In addition to these data points, the Content filtering option can also help you find duplicate content or near-duplicates worth reviewing for keyword redundancies/dilution. SEO Spider’s configurations enable you to set the percentage of duplicate similarity threshold, an algorithm that’s designed to pinpoint similarities in page text.

By default, the threshold percentage is set at 90%, which is highly sensitive. For large websites, this can be a high percentage that requires significant auditing. Alternatively, you can adjust to a lower similarity threshold to help sort and find duplicates that may be more bloat-indicative and SEO-damaging.

Together, these features available in SEO Spider provide a comprehensive view into what URLs should and should not be indexed. This video provides a nice overview of the Crawl Analysis features that you can leverage.

Pruning Index Bloat and Problematic URLs

Once you’ve determined which URLs are in the category of index bloat, or appear redundant and/or duplicate in nature, the next step is to prune them. This where having an organized spreadsheet with relevant metrics, notes, and action items is very helpful.

Before removing all of them from the indexes all at once, it’s important to make a mindful assessment of these URLs and how to best handle how they should be pruned. For instance, some URLs might be earning organic traffic or backlinks. Removing them entirely (instead of 301 redirecting them) might result in losing all SEO value that could otherwise be retained and allocated to other pages.

Here are a few ways to assess the value of URLs, which can then help you determine how they should be pruned.

  • Review organic metrics in Google Analytics, such as organic search traffic, conversions, user behaviour, and engagement to better gauge how much SEO value a URL has.
  • Review All User segment metrics as well, so you don’t accidentally prune content that’s driving business value. More about this below.
  • In Google Search Console, use Performance > Search Results to see how certain pages perform across different queries. Near the top are filter options (Search type: Web and Date: Last 3 months will be activated by default; we prefer to review at least 12 months of data at a time to account for seasonality). Add a Page filter to show the search performance of specific URLs of interest. In addition to impressions and clicks from search, you can click into each URL to see if they rank for any specific queries.
  • Use the Link Score metric (a value range of 1-100) from the SEO Spider Crawl Analysis. URLs that have a very low Link Score typically indicate a low-value page that could perhaps be pruned via redirect or noindex/removal.
  • Additional tools like Ahrefs can help determine if a URL has any backlinks pointing to it. You can also utilize certain metrics that indicate how well a page performs organically, such as organic keywords and (estimated) organic traffic.

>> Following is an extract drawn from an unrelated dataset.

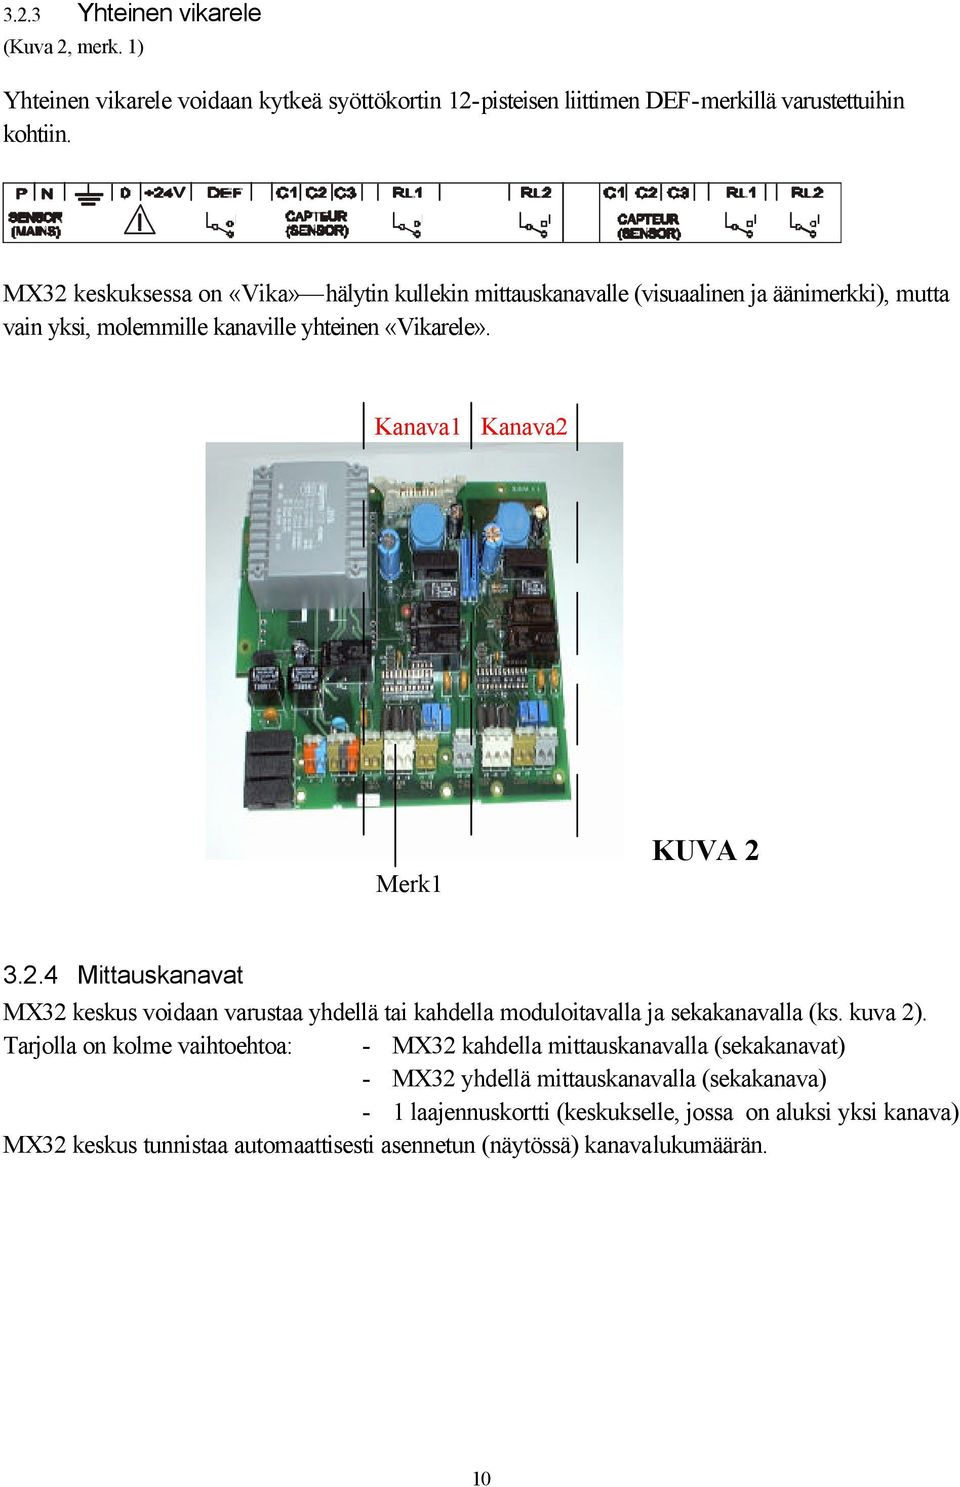 Kanava Kanava2 Merk KUVA 2 3.2.4 Miauskanava MX32 keskus voidaan varusaa yhdellä ai kahdella moduloiavalla ja sekakanavalla (ks. kuva 2).

It helps to have some SEO experience and a keen eye during this evaluation process to effectively identify URLs that do contain some degree of value as well as others that are purely bloat. In any case, taking measures to prune, and prune mindfully, helps search engines cut through the clutter and prioritize the real content you want driving your SEO strategy,

The actual pruning process will more than likely involve a combination of these approaches, depending on the evaluation conducted above. For instance, a page with thin or duplicate content, but has a few high-quality will be pruned differently (e.g. 301 redirected) versus just a page with thin or duplicate content.

  • Remove & Redirect – In most cases, the URLs you’d like to prune from index can be removed and redirected to the next most topically relevant URL you wish to prioritize for SEO. This is our preferred method for pruning index bloat, where historical SEO value can be appropriately allocated with the proper 301 redirect.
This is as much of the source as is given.